Castellanos et al. (2018) have shown that simvastatin (SIM) mainly induces cell apoptosis, while pentoxifylline (PTX) induces autophagy and cell apoptosis; the two drugs used in combination reduced autophagy rates while apoptosis levels increased inversely. These results strongly support the existence of a well-regulated balance between apoptosis and autophagy. Thus, the study most likely revealed an interesting pharmaceutical property of simvastatin, indicating that it is capable of disrupting equilibrium, altering cell fate, and inducing cell death by stimulating extracellular regulated protein kinases 1 and 2 (ERK1/2) and Akt pathways. The results therefore suggest that the induction of autophagy may be a protective mechanism preventing the death of MDA-MB-231 breast cancer cells and that the combined use of PTX and SIM may render quiescent autophagic cancer cells experiencing apoptosis. Therefore, this may be a new treatment strategy for triple-negative breast cancer [196].

The role of autophagy in glioma cell death induced by the drug simvastatin has been investigated, suggesting that the inhibition of the AMPK-dependent autophagic response could sensitize glioma cells to apoptotic death induced by simvastatin [197]. The anticancer effects of the chemotherapeutic agent temozolomide (TMZ), a drug used for the treatment of glioblastoma (GBM), is significantly reduced by autophagy induced by TMZ. One study demonstrated that simvastatin inhibits TMZ-induced autophagic flux by blocking autophagosome–lysosome formation, thus sensitizing glioblastoma cells to TMZ-induced cell death, making it a promising therapeutic strategy for GBM treatment [198] (Table 6).

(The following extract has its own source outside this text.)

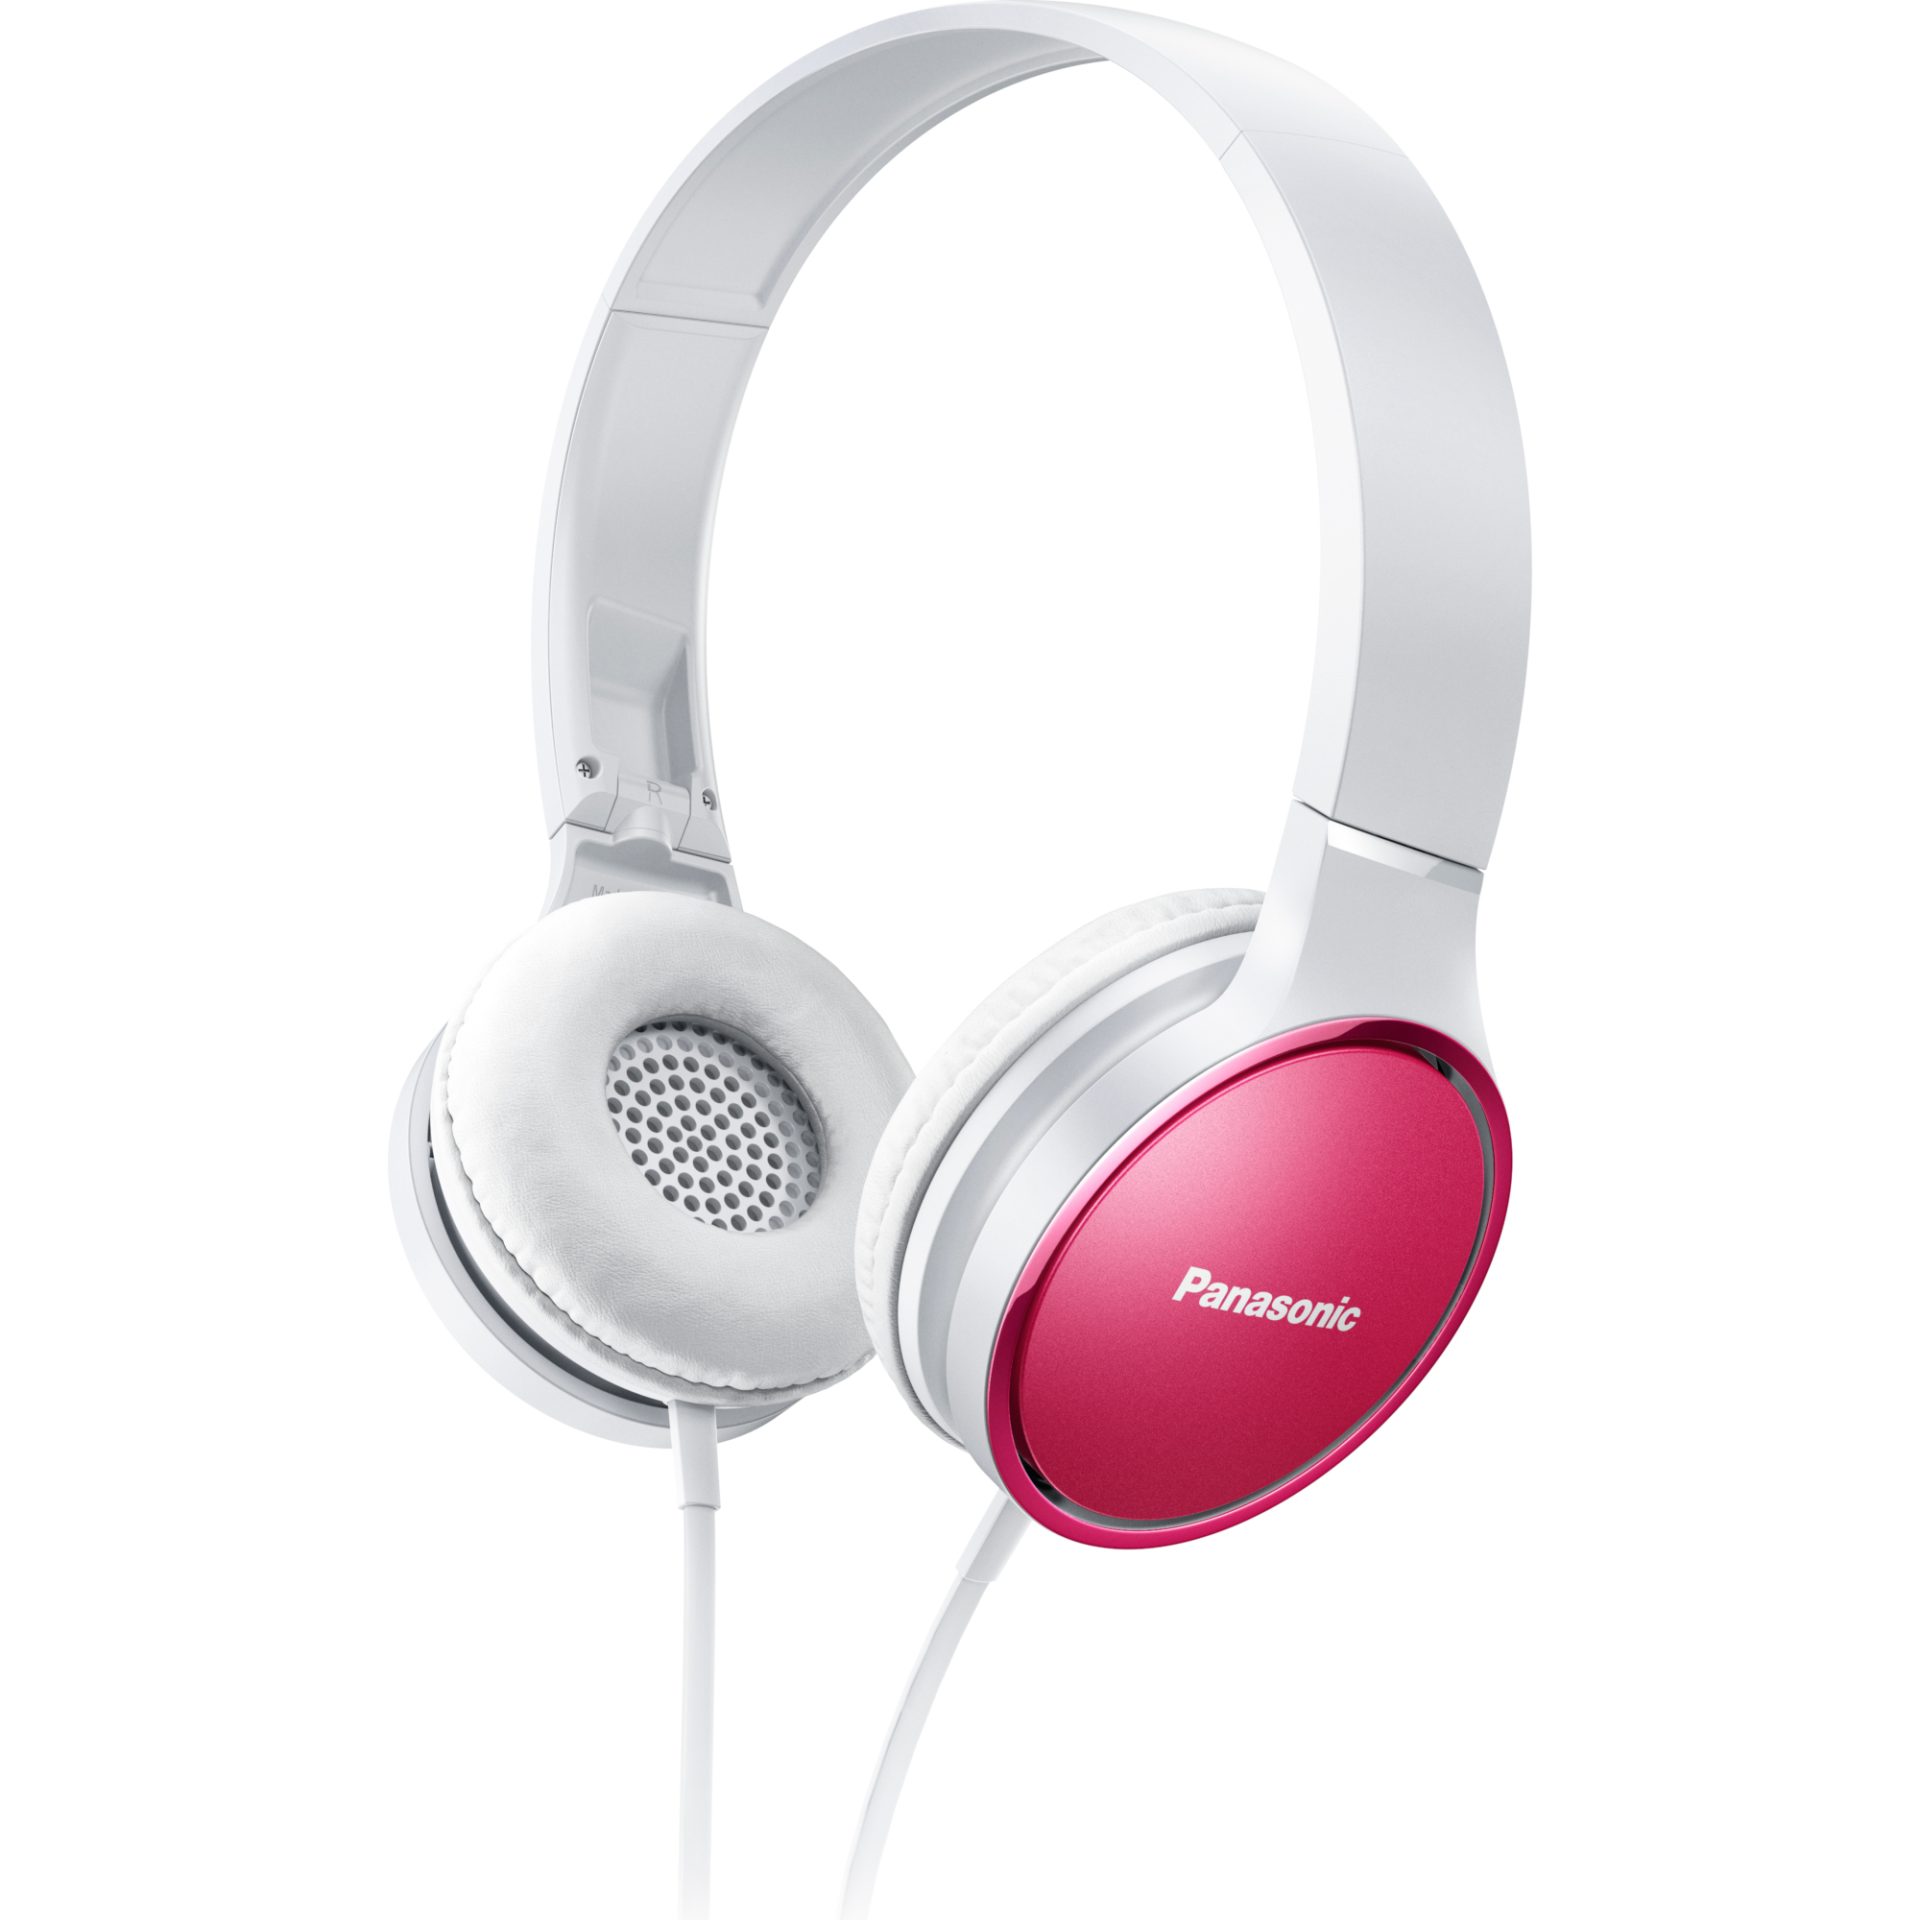 Panasonic RP-HF300 stylová kabelová sluchátka přes uši s mikrofonem (30mm neodymový magnetický měnič, skládací dovnitř, pohodlné), růžová

In vitro and in vivo investigations indicate that a number of beneficial effects of statins are due to mechanisms that predominantly interfere with tumor growth and invasion. Autophagy, a self-degradation pathway, acts as a double-edged sword in cancer. Statins can induce autophagy in some cancer cells. Statins have been shown to inhibit the cell viability of multiple cancers, including ovarian cancer, lung adenocarcinoma, malignant pleural mesothelioma, melanoma, and pancreatic cancer by inducing autophagy. The combination of statins with autophagic inhibitors is a new and promising strategy to improve the treatment of digestive malignancies, cervical cancer, and bladder cancer. This means that autophagy plays a fundamental role in pathological conditions. However, more studies are needed in the future to fully understand the modulatory effect of statins on autophagy.